Add CSV support to utxo_convert.py (formerly utxo_to_sqlite.py) #34324

pull sipa wants to merge 4 commits into bitcoin:master from sipa:202601_dumpcsv changing 5 files +668 −233
  1. sipa commented at 9:37 pm on January 16, 2026: member

    This renames the utxo_to_sqlite.py script to utxo_convert.py, and:

    • Adds support for multiple output formats selectable with --format (default depends on filename extension).
    • Adds a CSV format (which includes reporting the scriptPubKey as address/descriptor).
    • Makes type checkers and linters happier.

    The goal is giving users a way to construct the UTXO set in a textual, greppable format.

  2. DrahtBot commented at 9:37 pm on January 16, 2026: contributor

    The following sections might be updated with supplementary metadata relevant to reviewers and maintainers.

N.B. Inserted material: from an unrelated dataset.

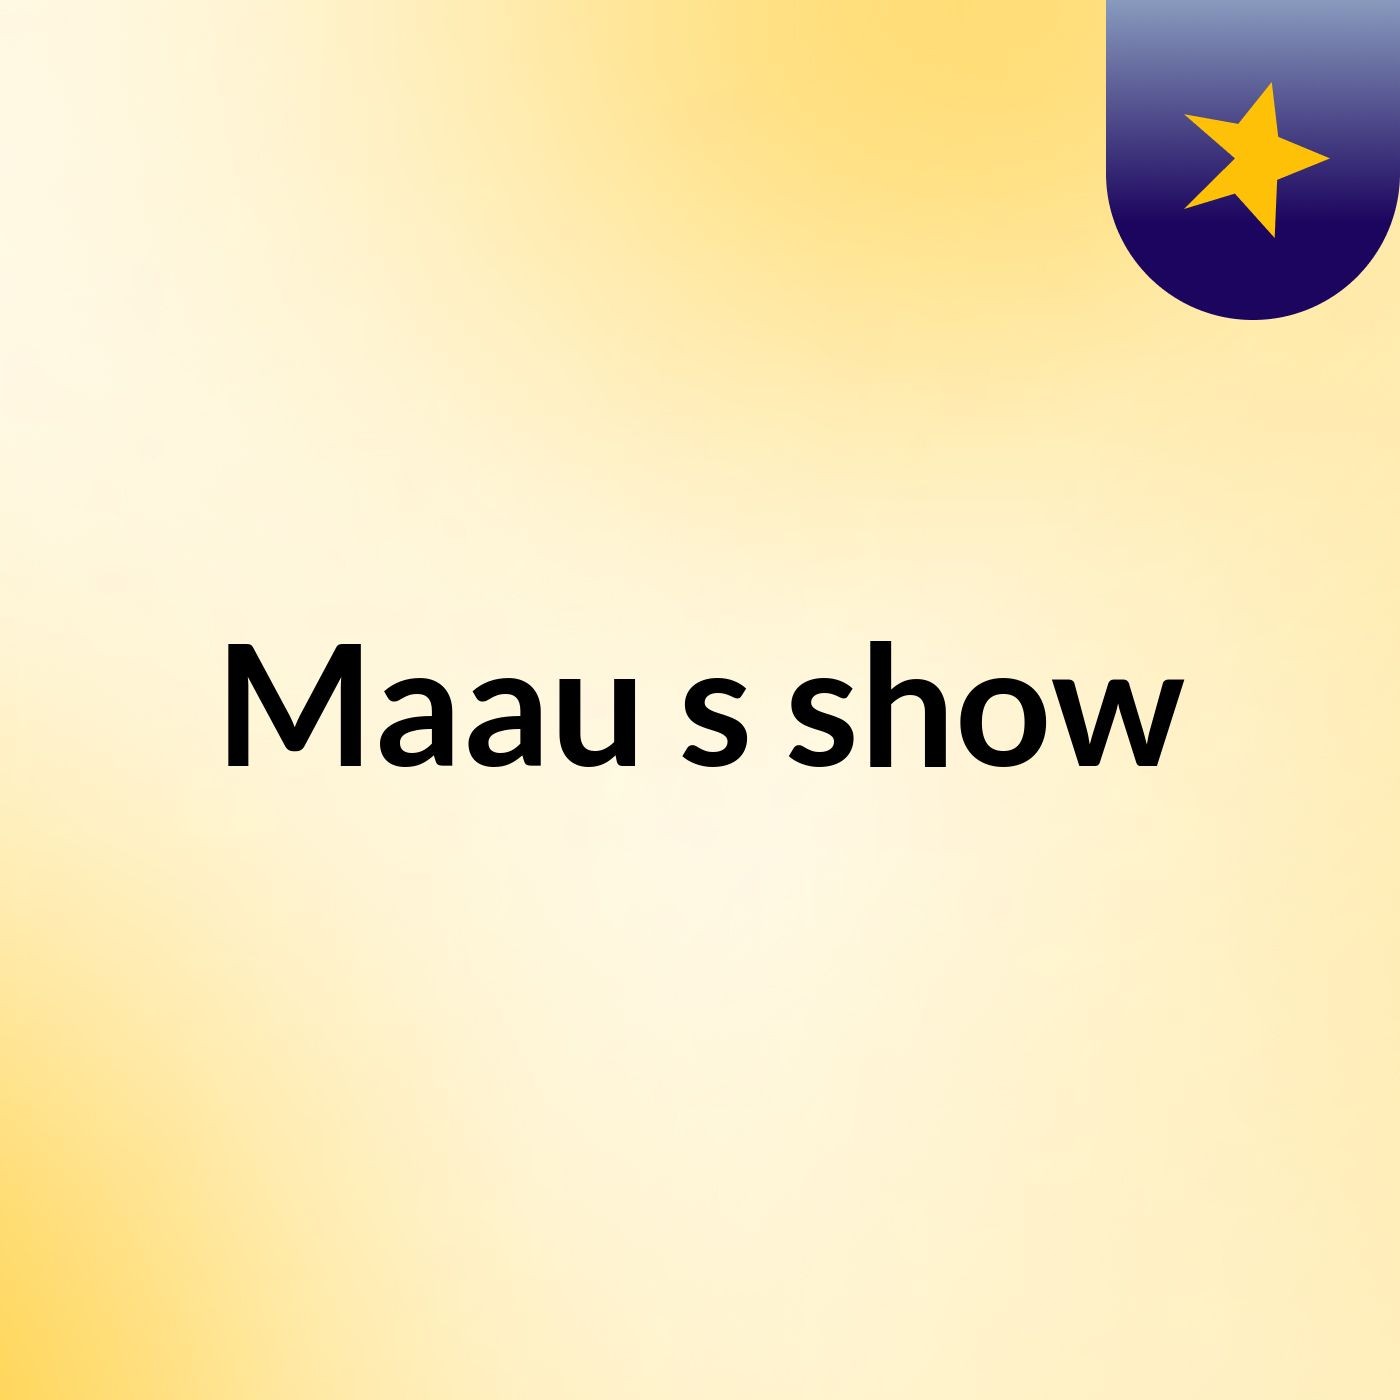 Maau's show

    Code Coverage & Benchmarks

    For details see: https://corecheck.dev/bitcoin/bitcoin/pulls/34324.

    Reviews

    See the guideline for information on the review process.

    Type Reviewers
    Concept ACK nervana21

    If your review is incorrectly listed, please copy-paste <!–meta-tag:bot-skip–> into the comment that the bot should ignore.

    Conflicts

    No conflicts as of last run.

    LLM Linter (✨ experimental)

    Possible typos and grammar issues:

    • “refer to the module docstring on top of the script” -> “refer to the module docstring at the top of the script” [“on top of the script” is nonstandard; “at the top of the script” is clearer and correct English]

    2026-03-12 13:42:27

  3. in contrib/utxo-tools/utxo_to_csv.py:66 in 34b9bc172a
    61+
    62+def byte_to_base58(b, version):
    63+    "Compute the Base58Check encoding of an input byte array with given version."""
    64+    result = ''
    65+    b = bytes([version]) + b  # prepend version
    66+    b += hashlib.sha256(hashlib.sha256(b).digest()).digest() # append checksum
    



    sipa commented at 11:43 pm on January 16, 2026:
    Done!
  4. in contrib/utxo-tools/utxo_to_csv.py:204 in 34b9bc172a
    199+def scriptpubkey_to_descriptor(spk, network_string):
    200+    """Infer a descriptor for the specified scriptpubkey."""
    201+    if len(spk) == 25 and spk[0] == 0x76 and spk[1] == 0xa9 and spk[2] == 20 and spk[23] == 0x88 and spk[24] == 0xac:
    202+        return "addr(" + byte_to_base58(spk[3:23], P2PKH_VERSIONS[network_string]) + ")"
    203+    if len(spk) == 23 and spk[0] == 0xa9 and spk[1] == 20 and spk[22] == 0x87:
    204+        return "addr(" + byte_to_base58(spk[1:21], P2SH_VERSIONS[network_string]) + ")"
    


    l0rinc commented at 10:38 pm on January 16, 2026:

    based on https://github.com/bitcoin/bitcoin/blob/fa942332b40c97375af0722f32f7575bca3af819/src/script/solver.cpp#L149 we need to skip the second element as well:

    0        return "addr(" + byte_to_base58(spk[2:22], P2SH_VERSIONS[network_string]) + ")"
    

    sipa commented at 11:43 pm on January 16, 2026:
    Fixed, thanks.
  5. in contrib/utxo-tools/utxo_to_csv.py:217 in 34b9bc172a outdated
    212+    if multi is not None:
    213+        keys, m = multi
    214+        return f"multi({m}," + ",".join(key.hex() for key in keys) + ")"
    215+    return "raw(" + spk.hex() + ")"
    216+
    217+def read_varint(f):
    


    l0rinc commented at 10:41 pm on January 16, 2026:
    I understand if we don’t want to dedup across test and helpers, but can we do that inside the same “UTXO” tools? #32116 (comment)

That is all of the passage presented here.